My premise: I want to make a regular trooper/veteran and not a captain. I'm also missing some parts, most notably his original sword (chopped it of to create a halberd originally) and his head (!). This provides me with ample opportunity to sculpt a larger scale face and a combat blade (basically, a cross between a machete and Crocodile Dundee's "that's no' a 'noif, this is a 'noif". The details on his armour are also filed off, so I have to sculpt new chest plate adornments and such. Of course the whole miniature will be repainted in the black and silver of the Deathwatch once it's all done.

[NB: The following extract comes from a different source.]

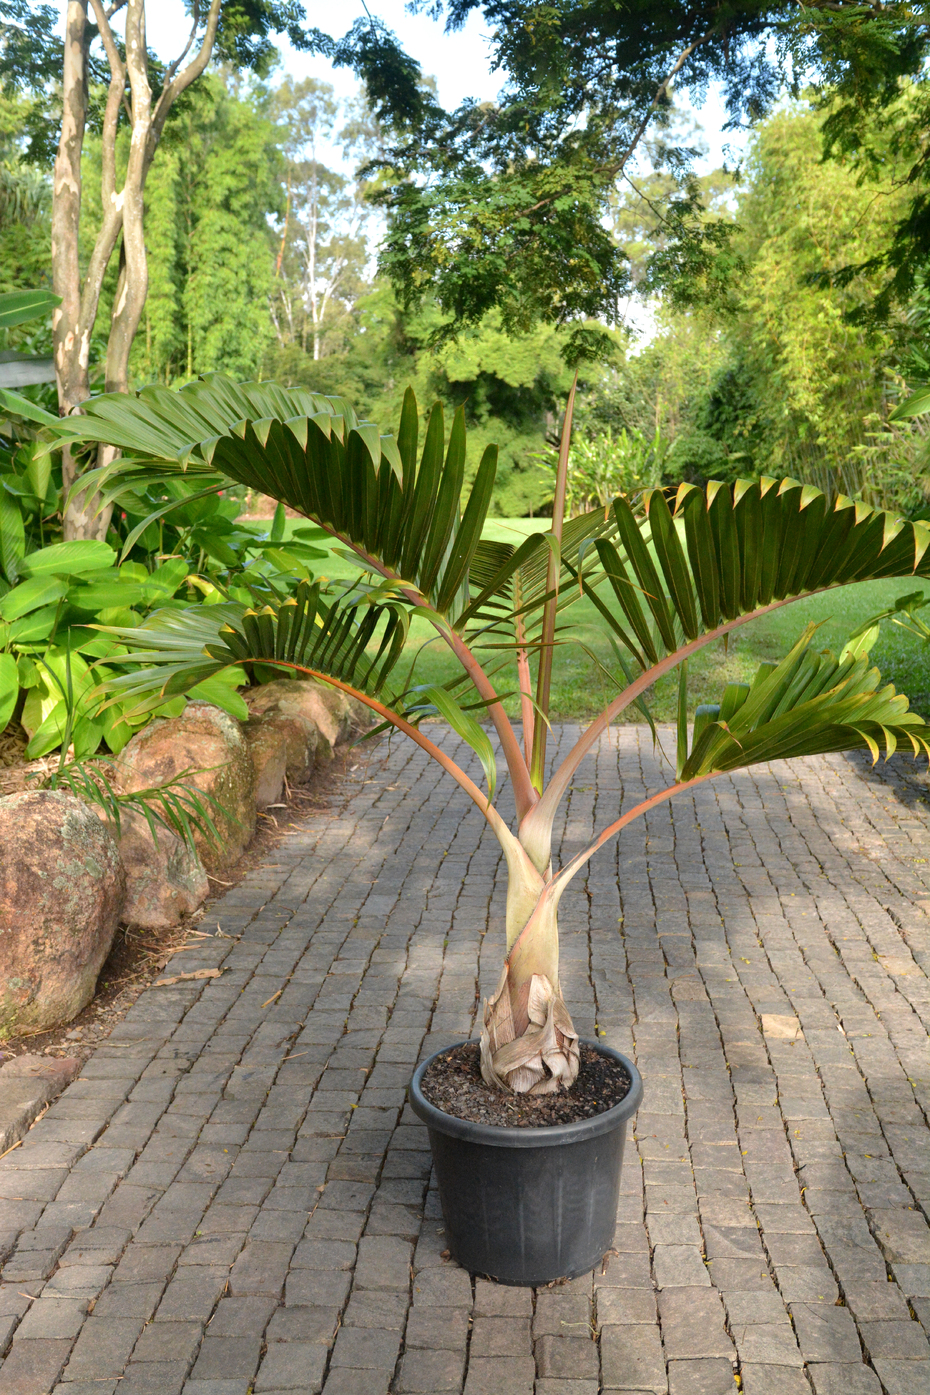 hyophorbe lagenicaulis (bottle palm)

On the left is a pic of what parts I found laying around (including the addition of a plastic shield-shaped ornament snatched from a GW sprue that makes a nice, ornate 'belt buckle') and below you can see the armature for the blade. I will attach this to the arm for sculpting and add pics once that's done.

Wednesday 28 April 2010

Space Marine Librarian conversion








Some slightly grainy pics of a space marine librarian (a psyker from GW's game Warhammer 40,000, popularly referred to as 40k) that I sculpted details on this past weekend.

Mostly for 40k players: I used parts from several GW kits (including the Space Wolf Pack, Dark Angels Ravenwing, Command Squad and Tactical Squad kits). The conversion is really simple to do and I finished the posing and making the armature for the 'skull fireball' probably in less than half an hour, and I am slow. Some of the parts were old leftovers from other projects, hence the coats of paint present on notably the backpack and the spell casting hand. The staff started life as a plastic toothpick. These are by the way great for any kind of weapon shafts and staffs and I always keep a bunch laying around so I'm not shafted when in need (yes, that was a bad pun - so drown me!).

On the sculpting side the most challenging part was making the robes look like actual cloth and flow like caught in a draft. I imagine him standing in a creepy breeze while performing his sorcery.

The arcane spiral pattern on his staff also was no picnic to get looking smooth while still keeping some definition. I ended up going for the feeling of carved wood (most GW librarian models have arcane patterns sculpted onto their armaments rather than carved into them, but I like how the effect turned out). I'm curious as to how it will end up when properly painted...

More pics when I've had time to paint it...

Tuesday 27 April 2010

Kairye Seeker

To start off this minature sculpting blog (to anyone who's actually reading: Hello...!) I'm uploading a picture of a current work in progress (also my first miniature sculpted completely from scratch).

The scale is about equivalent to 25mm wargames (e.g. GW games etc) and the material is Kneadite/Green stuff over a garden wire armature. The character depicted is an old fantasy RPG character portrayed by my friend Erika Hoffman (prolific artist and designer who's eventually going to make a living in a the creative world were most of us will always be but enthusiastic dilettantes *hats off*) after an illustration done by her. This sculpt is a project I've been at on and off for a long time, what with university life and so on taking its toll.

More pics when I've sculpted proper details on her.